Using single-cell RNA sequencing of peripheral blood mononuclear cells (PBMCs) from patients with ongoing or recovered COVID-19 infection, and healthy controls, this study found that genes involved in the type I interferon response and MAPK signalling are upregulated during an ongoing infection. Interestingly, COVID-19-recovered patients had significantly decreased MAPK-pathway gene expression compared to healthy controls which might reflect disease-specific health effects of COVID-19. The TCR and BCR repertoire was also sequenced at a single cell level. They found 2 highly expressed BCRs from 2 patients and 4 patients with closely related TCRs, suggesting COVID-19 specificity. Further work is needed to validate their specificity.

Research highlights

  1. PBMCs from COVID-19-infected patients upregulate the type I interferon response
  2. COVID-19-recovered patients have significantly decreased MAPK-pathway gene expression compared to healthy controls
  3. Closely related TCR clones were found in 4 patients, indicating these possibly recognize SARS-CoV-2.
  4. High frequency BCR clones were found in 2 patients, indicating these possibly recognize SARS-CoV-2.

Research Impact

No immediate impact for the clinic. They may have found SARS-CoV-2-reactive antibody clones but this has to be confirmed in functional experiments.

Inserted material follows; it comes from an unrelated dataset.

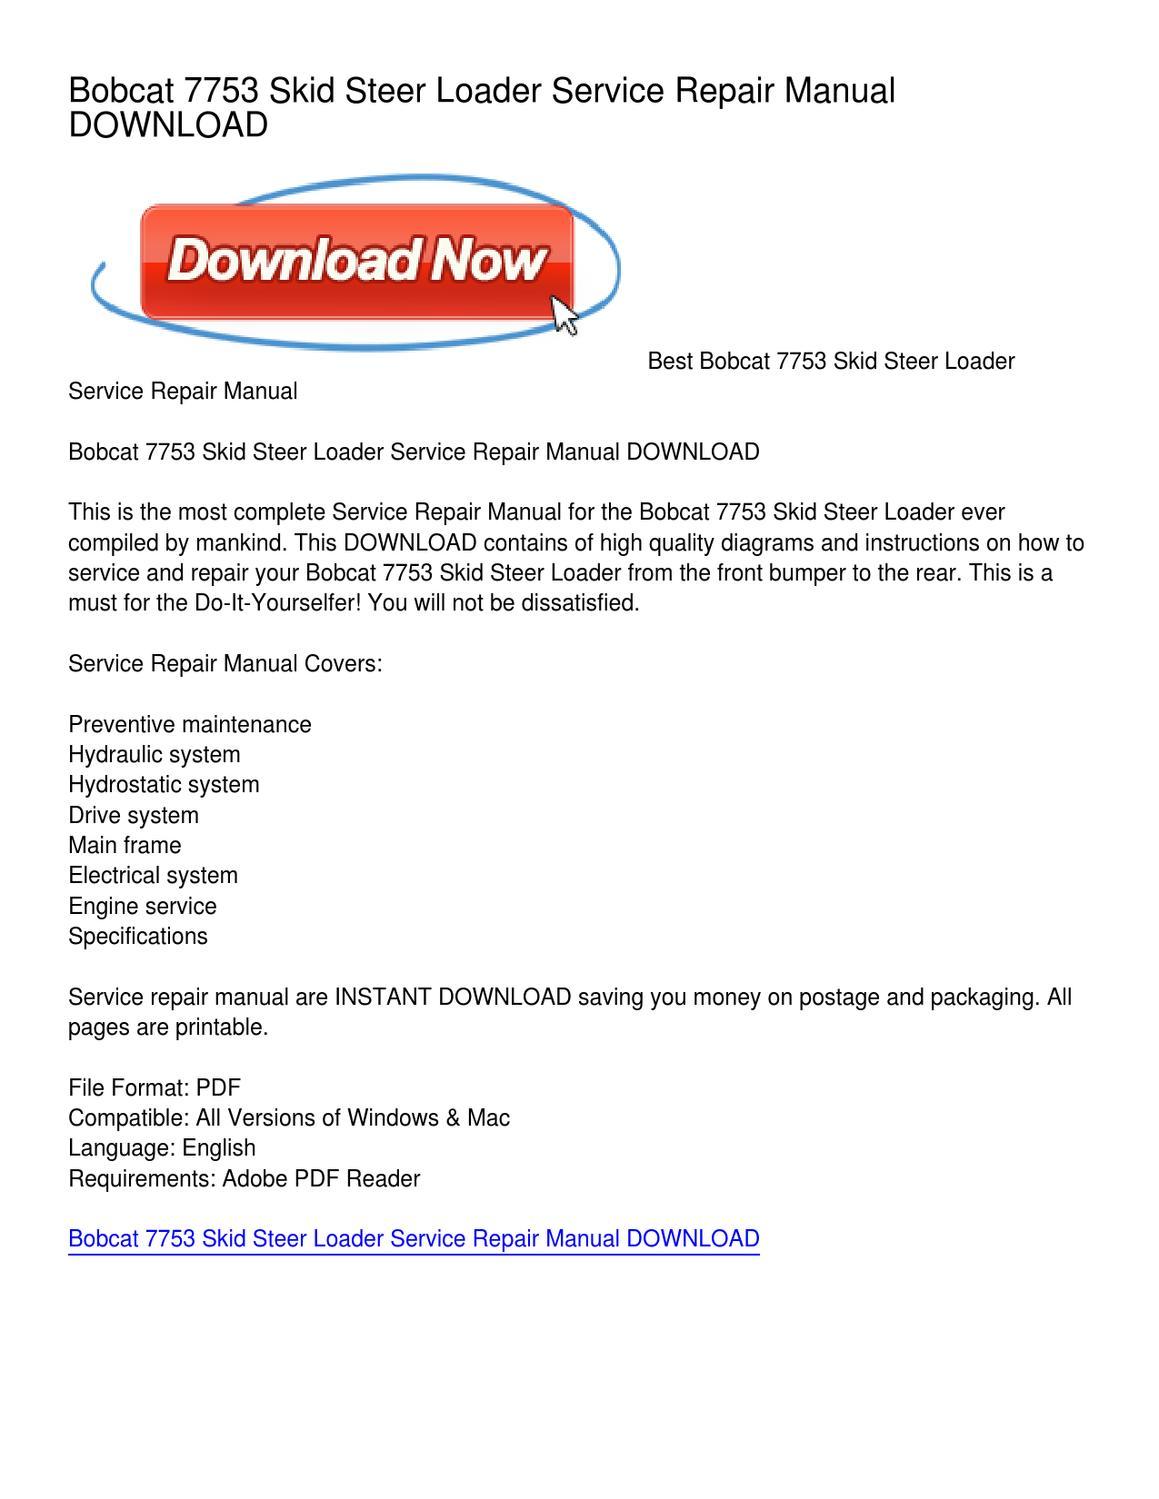 bobcat 7753 skid steer loader service repair manual by bobcat 7753 skid steer loader service repair manual by karen minnick issuu
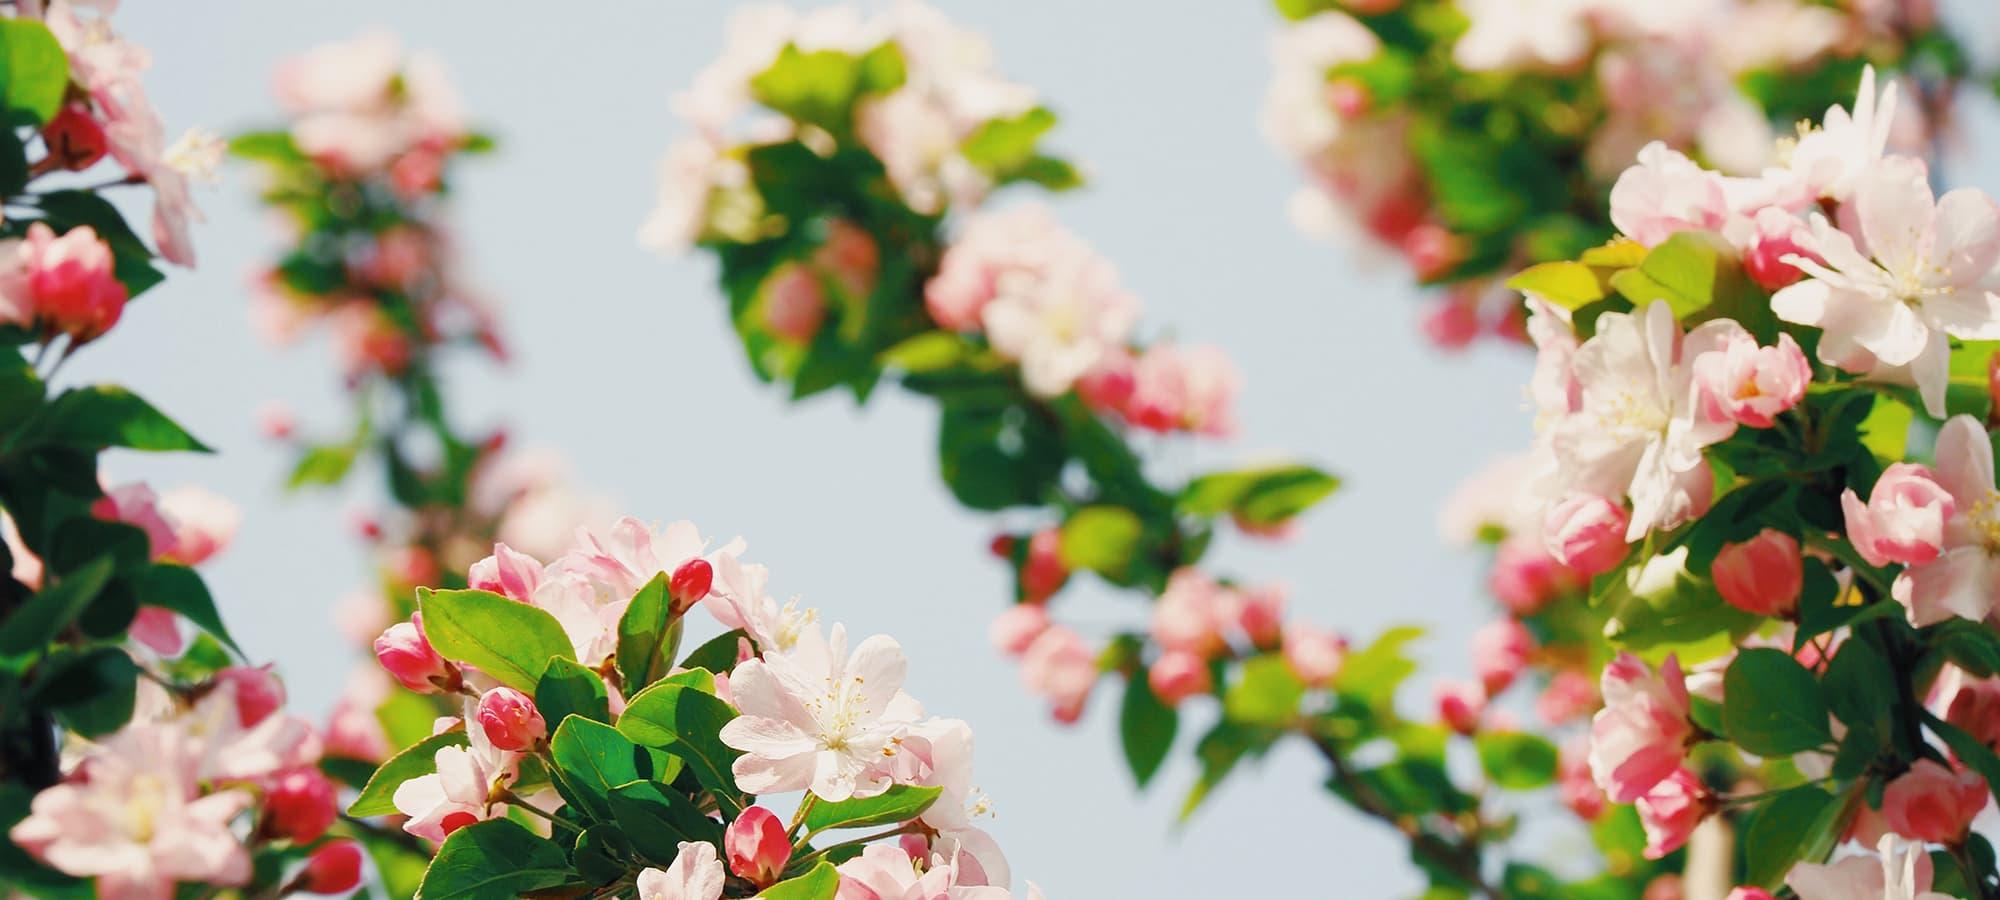 saint-mamet-fleurs-roses-arbre-fruitier-floraison

Single cell mRNA sequencing

Single cell TCR & BCR V(D)J sequencing

RT-PCR of mixed PBMC

Strengths and weaknesses of the paper


  • Single cell RNAseq as well as single cell TCR & BCR profiling of 10 Covid-19 patients was performed, which could be useful for further analysis once data is available
  • Potentially interesting effect of MAPK downregulation in patients recovered from COVID-19, needs further investigation


  • Data is not (yet) analysed nor interpreted to its full potential. The data is not yet publicly available.
  • Important QC parameters for the scRNAseq are not reported and figures are hardly readable, making it difficult to judge the rigour of data acquisition and analysis.
  • Statistical analysis was only used to compare patients vs. controls, not to compare e.g. severe to moderate patients.
  • The seq results were not appropriately confirmed by other methods, making it very difficult to translate findings to the clinic.
  • Some samples are skipped without obvious explanation (e.g. Fig.2E Compares pathways enriched in moderate patients (3-6) to healthy controls, but this excludes moderate patients 7,8,9, and there is no patient no.6 according to TS1)
  • 1 influenza A patient is not enough to conclude that there is meaningful difference between the response to COVID-19 and Influenza A.